You are in a mountain range with atmospheric air pressure of 520 , and you wish to boil some eggs. What is the approximate boiling point of the water at this air pressure?
Express your answer as an integer and include the appropriate units.
88.6 *C
There may be an easier way to do this (a graph but you didn't say you had one). You can use the Clausius-Clapeyron equation and solve for T2.
ln (p2/p1) = (dHvap/R)(1/T1 - 1/T2)
p1 = 760; T1 = 100
p2 = 520; T2 = ?
dHvap is heat vaporization in J. You'll need to look that up. T2 will be the boiling point of the water at 520 mm Hg pressure.
To determine the approximate boiling point of water at a given atmospheric pressure, we can refer to the vapor pressure-temperature relationship of water. This relationship is known as the Clausius-Clapeyron equation, which states that the natural logarithm of the vapor pressure of a substance is inversely proportional to its temperature.
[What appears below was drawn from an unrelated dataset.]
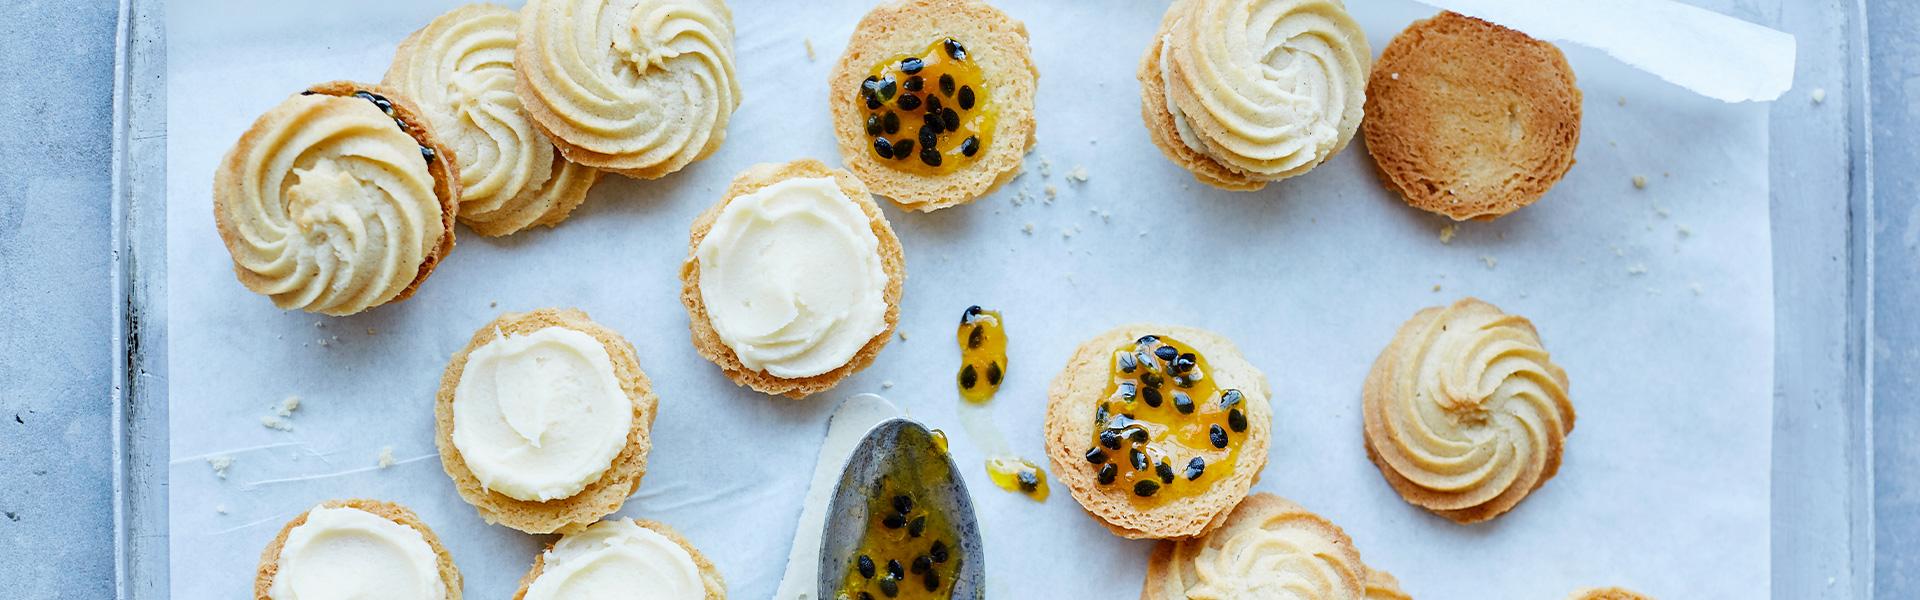 Martha Collison: Passionfruit Viennese Whirls Recipe
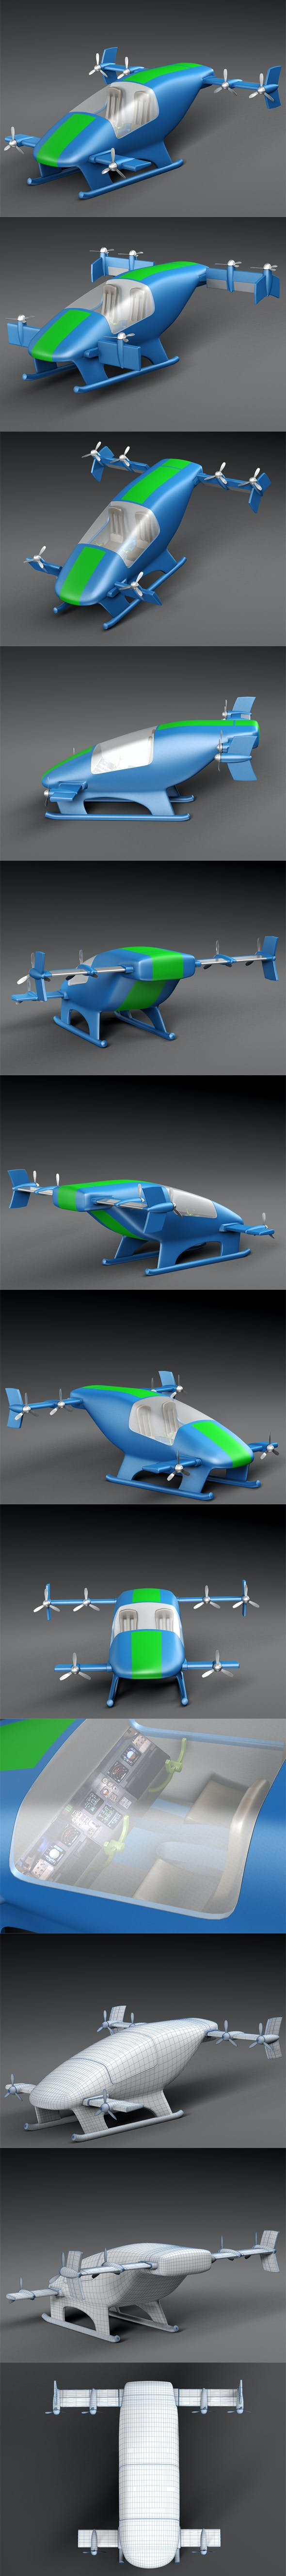 Flying Car Prototype - 3DOcean Item for Sale

To calculate the boiling point, we need to know the air pressure and its relationship to the standard atmospheric pressure at sea level, which is approximately 1013.25 hPa (hectopascals).
Let's convert the given atmospheric pressure from 520 to 520/1013.25 times the standard atmospheric pressure:
Conversion factor = 520/1013.25 = 0.513
Therefore, the adjusted atmospheric pressure at the mountain range is approximately 0.513 times the standard atmospheric pressure.
Next, we need to determine the boiling point of water at the adjusted pressure. At standard atmospheric pressure, water boils at 100 degrees Celsius. Since we are at an adjusted pressure, we can use the Clausius-Clapeyron equation to estimate the boiling point.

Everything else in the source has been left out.